■ Assigned task
Return the data below unaltered, but strip out the pictures.

■ Source material
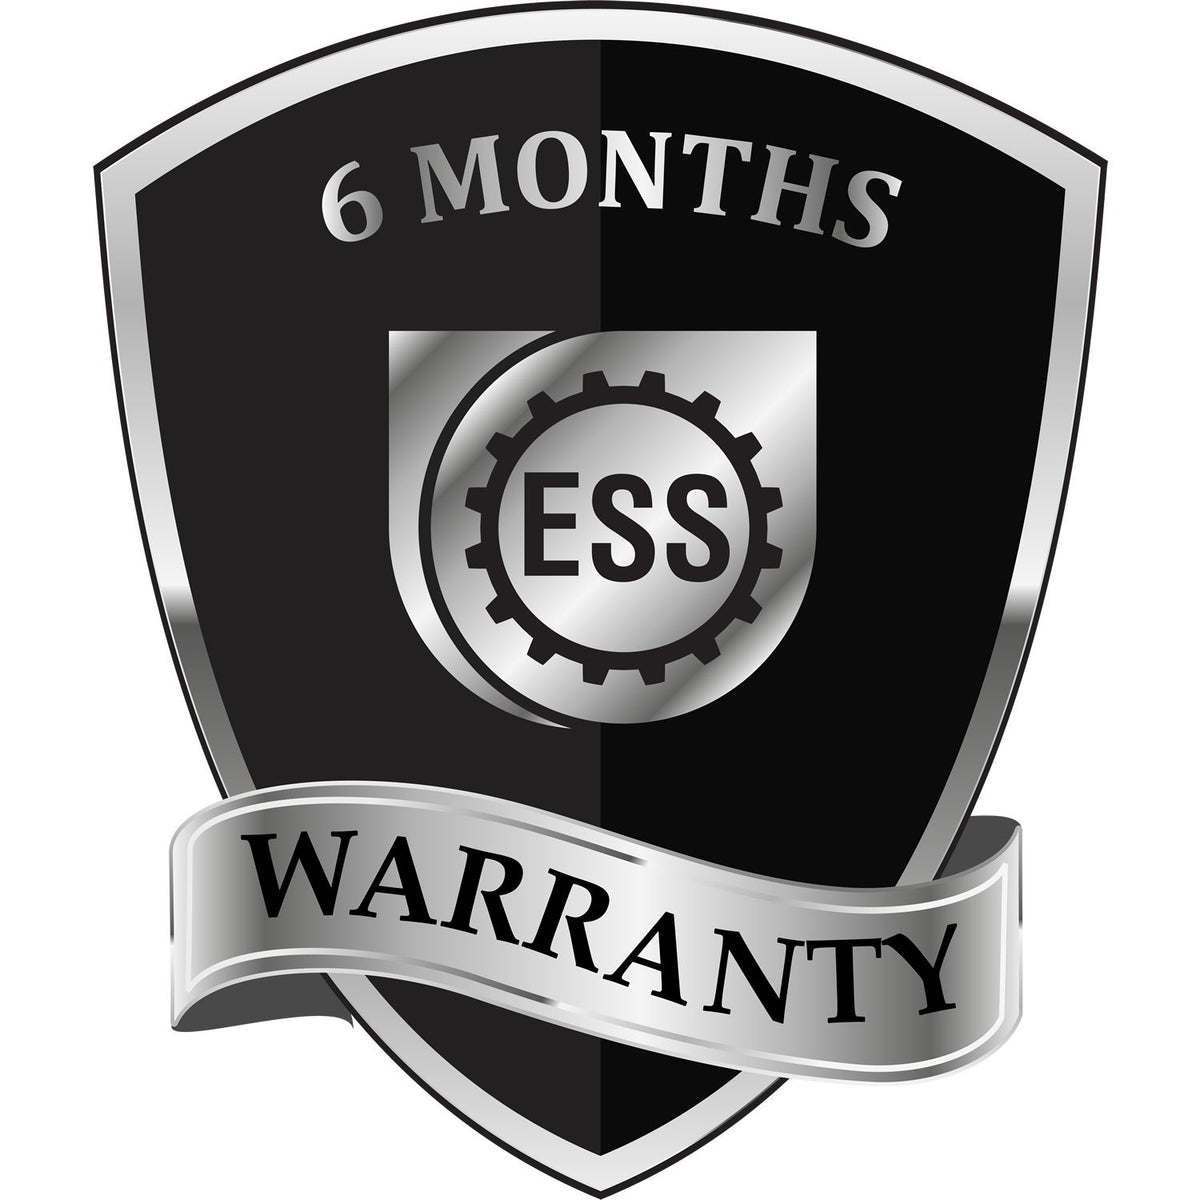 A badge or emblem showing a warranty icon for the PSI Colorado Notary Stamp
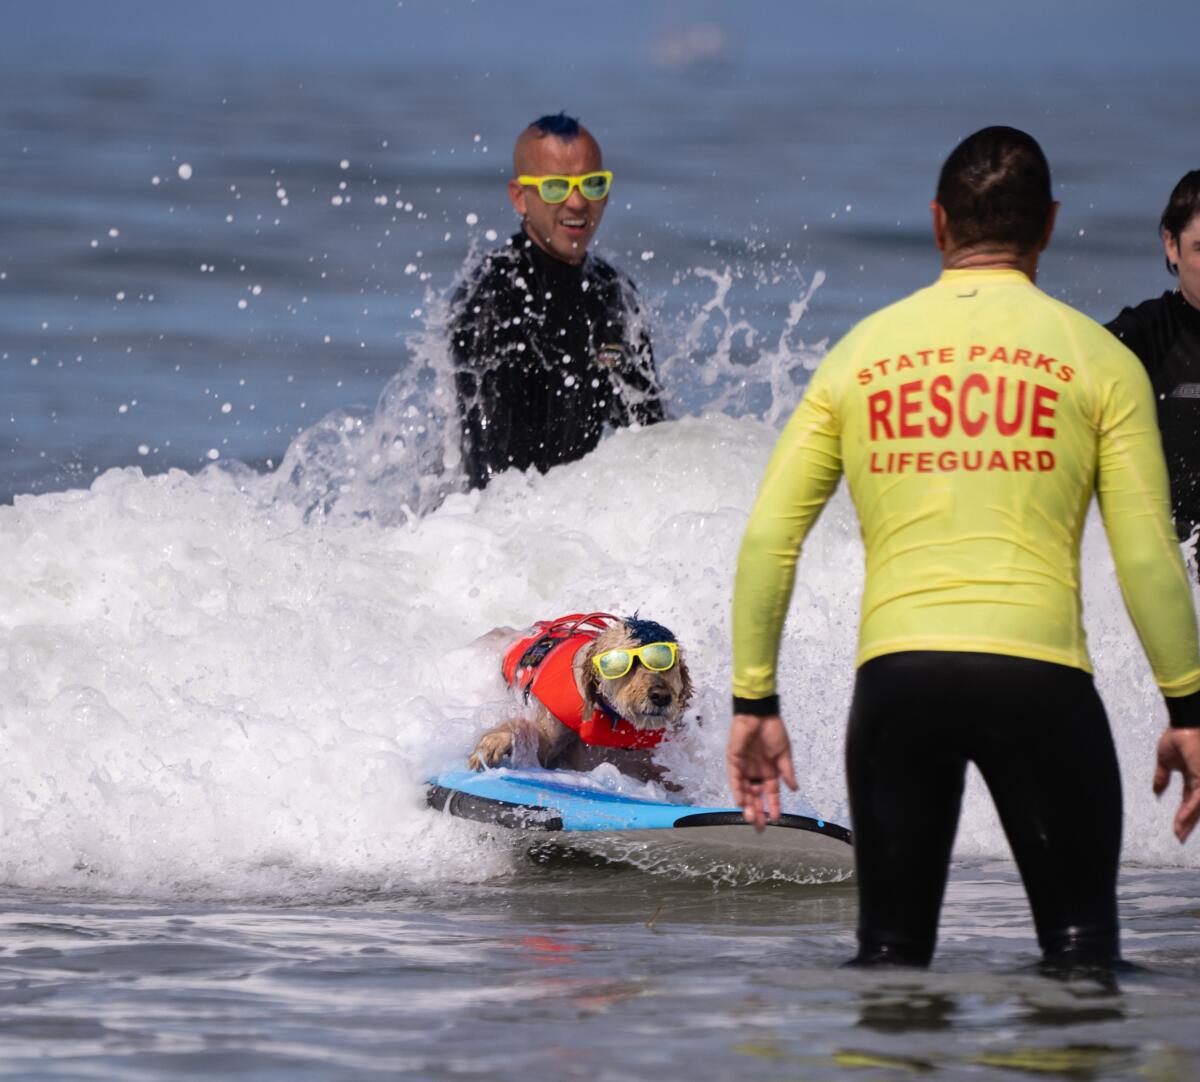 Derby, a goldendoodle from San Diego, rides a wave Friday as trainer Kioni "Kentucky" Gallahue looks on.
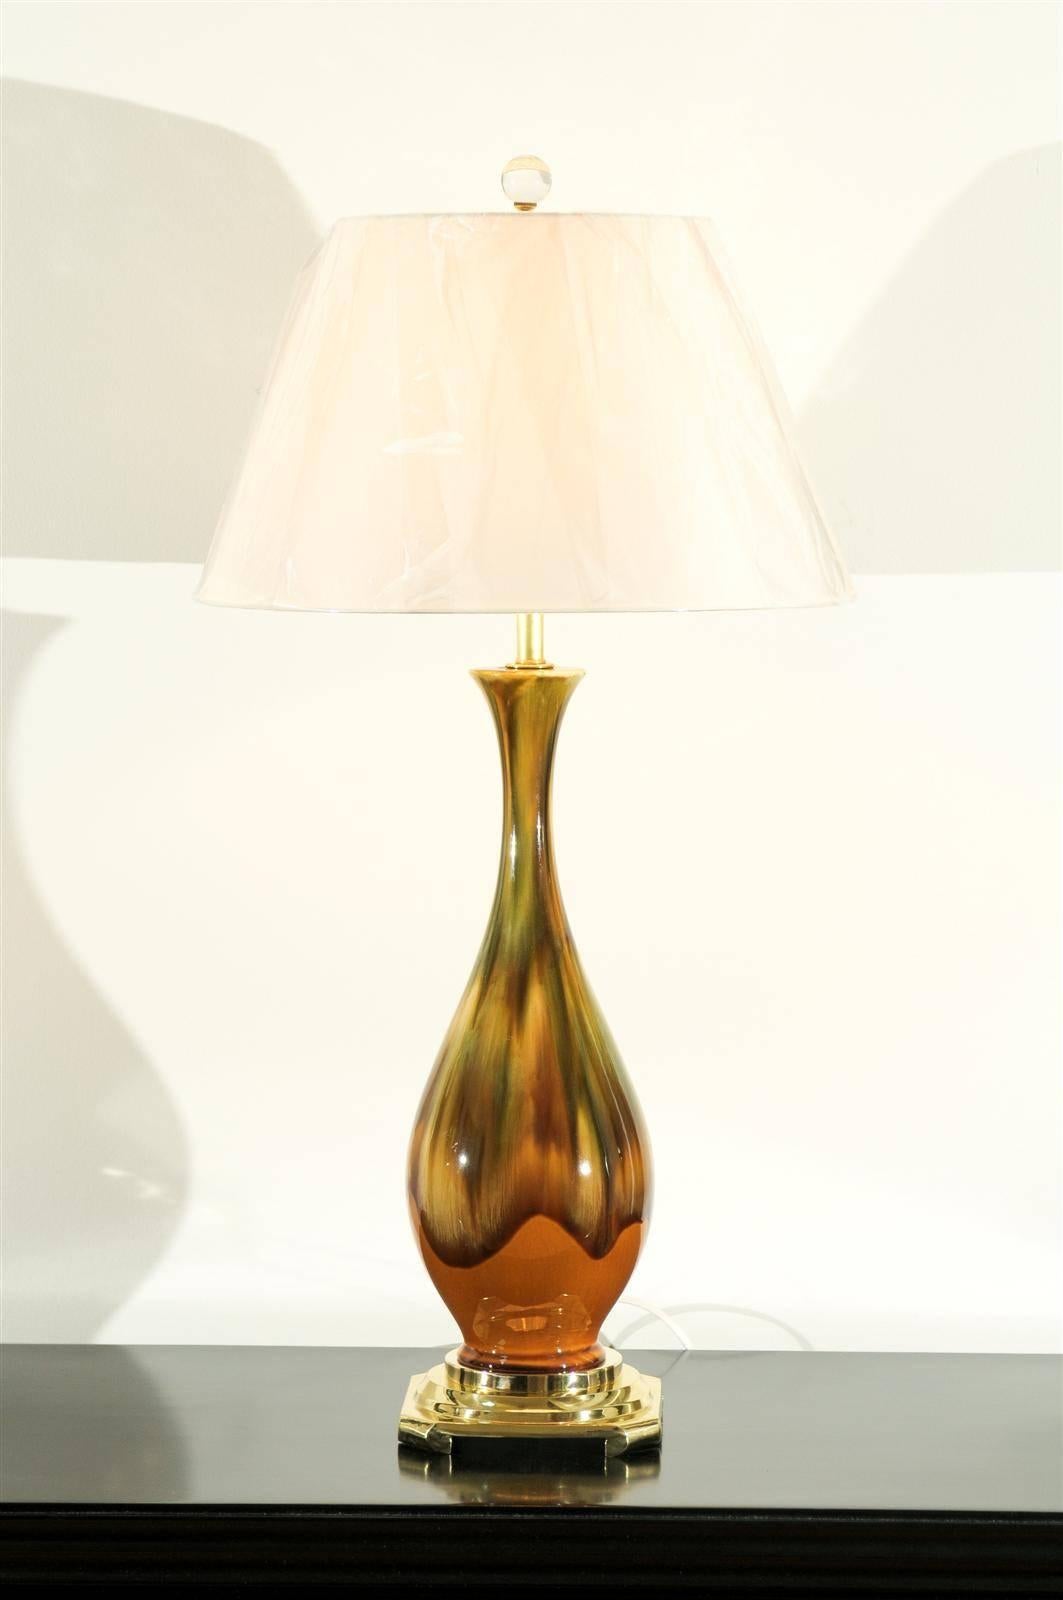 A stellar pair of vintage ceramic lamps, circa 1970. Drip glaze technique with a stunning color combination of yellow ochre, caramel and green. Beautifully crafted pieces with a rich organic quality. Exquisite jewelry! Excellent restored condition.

■ Exercise output
 A badge or emblem showing a warranty icon for the PSI Colorado Notary Stamp
 Derby, a goldendoodle from San Diego, rides a wave Friday as trainer Kioni "Kentucky" Gallahue looks on.
 A stellar pair of vintage ceramic lamps, circa 1970. Drip glaze technique with a stunning color combination of yellow ochre, caramel and green. Beautifully crafted pieces with a rich organic quality. Exquisite jewelry! Excellent restored condition.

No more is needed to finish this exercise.